At the Edge of Waking Page 10
Lydia refrains from giving me another look. I can feel it, though her hands are as busy as mine.
“Maybe that’s all it is,” she says. “But the police are about, with their questions and their eyes, and I’m keeping my boy in at night until it all settles down.”
“Well, you can try,” I say, with the smile fighting free. Try to keep the young men indoors with spring on its way!
“Maybe you should try too,” Lydia says, her voice sharp as my paring knife. “To be on the safe side.”
Still she forcibly refrains from looking at me, and my smile dies.
For here is another memory of home, and one I wish I could forget. Why is it that I need to build my memories of our house piece by piece, like our bedroom so small that our marriage bed, too big to fit through the door, had to be built inside the room—that room, warm as a hen’s nest in winter, with its white plaster walls and black beams and tiny two-paned window set to catch sunrise and moonrise in the east—I have to build it one eye-blink at a time, yet the bad memories leap sharp and wounding to the front of my mind. There is Georgi, with his hunted look and restless body, and there are the shepherds complaining of sheep dead in the sheering pen, and there is our son, so small and his eyes so wide, never understanding why these angry men have come to accuse his father . . . of what? Even they did not seem to know, except that we were the only people in the valley who did not raise sheep. My poor Georgi! I had to take them out and show them our goats, that I kept for milk and for the finer wool, and such a clamor did the does raise when they smelled the sheep blood on the men’s clothes that the boy started to cry and the men went away ashamed. But by then Georgi was also gone, back up into the high trees. The best hunter in the valley—as if he had to demean himself by slaughtering sheep penned and helpless! It was two sheep dogs that went bad, the way they sometimes do, and leapt the fence to savage the sheep they were meant to be guarding. The dogs were shot, but no one apologized to my Georgi. I don’t think he ever noticed, but I did, remembering how our little boy cried.

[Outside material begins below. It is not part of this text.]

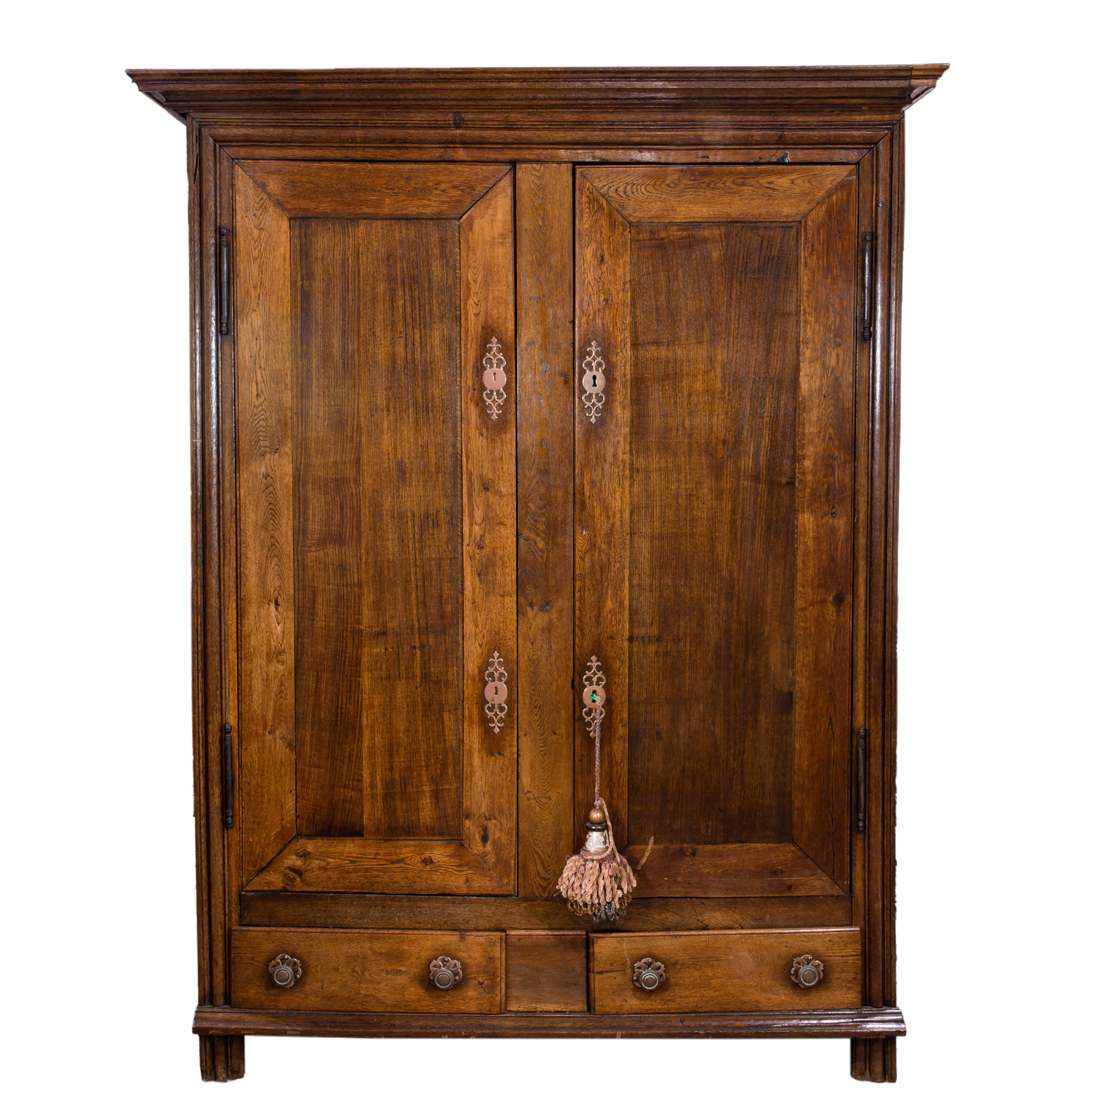 A LARGE FRENCH PROVINCIAL ARMOIRE

And now my boy, his father’s son, refuses to stay inside on nights when the sky is clear.
I spend all day in the maintenance shed with the stink of oil and paint, mama, I wouldn’t know if it was raining or snowing or dropping fish from the sky except that the trolley cars come back all covered with scales. I have to see the sky sometimes, don’t I? I’d go crazy! Listen, mama, don’t ever let them lock me away. If I wasn’t a lunatic when I went in, I would be before I could come out again.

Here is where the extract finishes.